To wonder which ‘history facts’ aren’t true.

600 replies

LeslieKnopefan · 25/03/2018 05:19

I understand that history isn’t always true and the further we go back in time the harder it is know what the truth is and what is simply made up.

However I recently posted that I thought it was true that Marie Antoinette hair turned white overnight after her best friends head was paraded in front of her and that I only realised it wasn’t when I told a mate who pointed out it couldn’t be true.

So which history facts that people think are true are known to be lies?

OP posts:
crunchymint · 26/03/2018 01:03

Also the post about the celts is true

Iwasjustabouttosaythat · 26/03/2018 02:32

I’m going to throw a “fact out there”. See what you think:

Elendon is actually Camiila...

Iwasjustabouttosaythat · 26/03/2018 03:08

“Fact” out there. 😒

Camiila · 26/03/2018 03:13

whatever

Vitalogy · 26/03/2018 03:19

The biggest myth in history is that perpetrated in school history departments that the only bit of history school children want to study is the second world war and England in the first half of the C20th. What children or history departments want has nothing to do with what's taught in schools.

Arealhumanbeing · 26/03/2018 03:37

Can it be true that only 3 people died in the great fire of London?

I’m sure I read or heard that somewhere. Or was it 1?

SimonBridges · 26/03/2018 07:34

I always assumed that the 3 people were 3 people of note and all the poor people just weren’t missed or counted.

GaucheCaviar · 26/03/2018 07:42

Storminateacup I do understand what you're saying, though I'm skeptical of the science (as recorded on the current Chat thread on this). The big problem I have with this is the conflation of geography (what you're talking about), political entities (the labels you / the company are using as shorthand for that geography), and biology. In these times of populist right wing rhetoric, I think claims that there is such a thing as "Belgian" dna are potentially highly dangerous.

^^apologies for tangent OP!

QueenOfTheAndals · 26/03/2018 07:49

I think you're probably right @SimonBridges

BitOutOfPractice · 26/03/2018 07:58

I love that Camilla is so determined that she's the true knowledgeable intellectual on this thread with access to all the Facts. Yet her arguments include "shut your mouth" and "whatever" Grin

Bundlesmads · 26/03/2018 07:59

What children or history departments want has nothing to do with what's taught in schools.

But it shouldn’t do. Children are taught the most important things to know and WW2 is definitely one of them. It is a huge warning from history. It has worked too, educating about fascism has meant that it has never been able to take hold in any meaningful way here.

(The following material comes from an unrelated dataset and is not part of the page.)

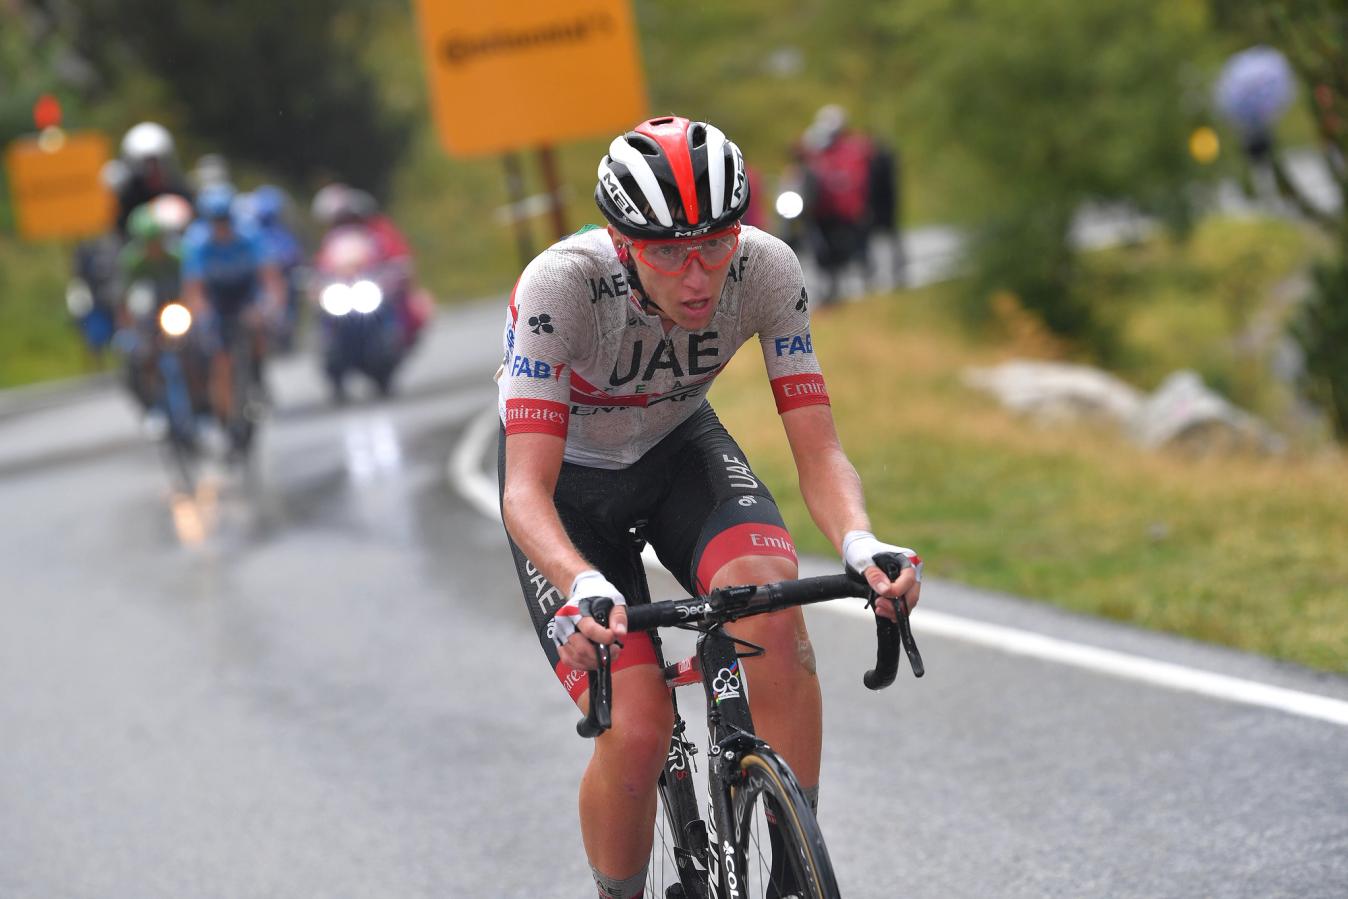 Tadej Pogačar made his name in the Grand Tours with three stage wins and third place overall at the 2019 Vuelta a España

I just wish they had covered Stalinism and many of the evils that happened under Communism just as much because the younger generations don’t seem to be clued up about that and are falling for it again.

Bundlesmads · 26/03/2018 08:00

Practice PhD in Vikki Pollard studies going on there.

BitOutOfPractice · 26/03/2018 08:00

At A level (back literally in historical times) I studied the industrial revolution and 19th-early 20th century British political history.

BitOutOfPractice · 26/03/2018 08:03

Are you calling the modern Labour Party Stalinist / communist Bundlesmads?

Yeah but no but I think you're viking about the qualifications though!

Bundlesmads · 26/03/2018 08:04

All I remember from A’Level history was the defenestration of Prague. Purely because I liked the word ‘defenestration’. It was a looooooong time ago though.

Bundlesmads · 26/03/2018 08:05

Not necessarily the Labour Party, but more grassroots left wing organisations.

AlistairAppletonssexyscarf · 26/03/2018 08:06

Also, and I say this as someone who has loved history since childhood, and read Jean Plaidy from start to finish, the academic discipline of history isn't reciting Horrible History type facts. It's studying sources, analysing political movements, investigating social history. We don't do enough of the latter in schools, but history isn't really about the gore and the affairs.

There are big discussions to be had about the curriculum and how we approach history but there are limits to how much it should be dumbed down.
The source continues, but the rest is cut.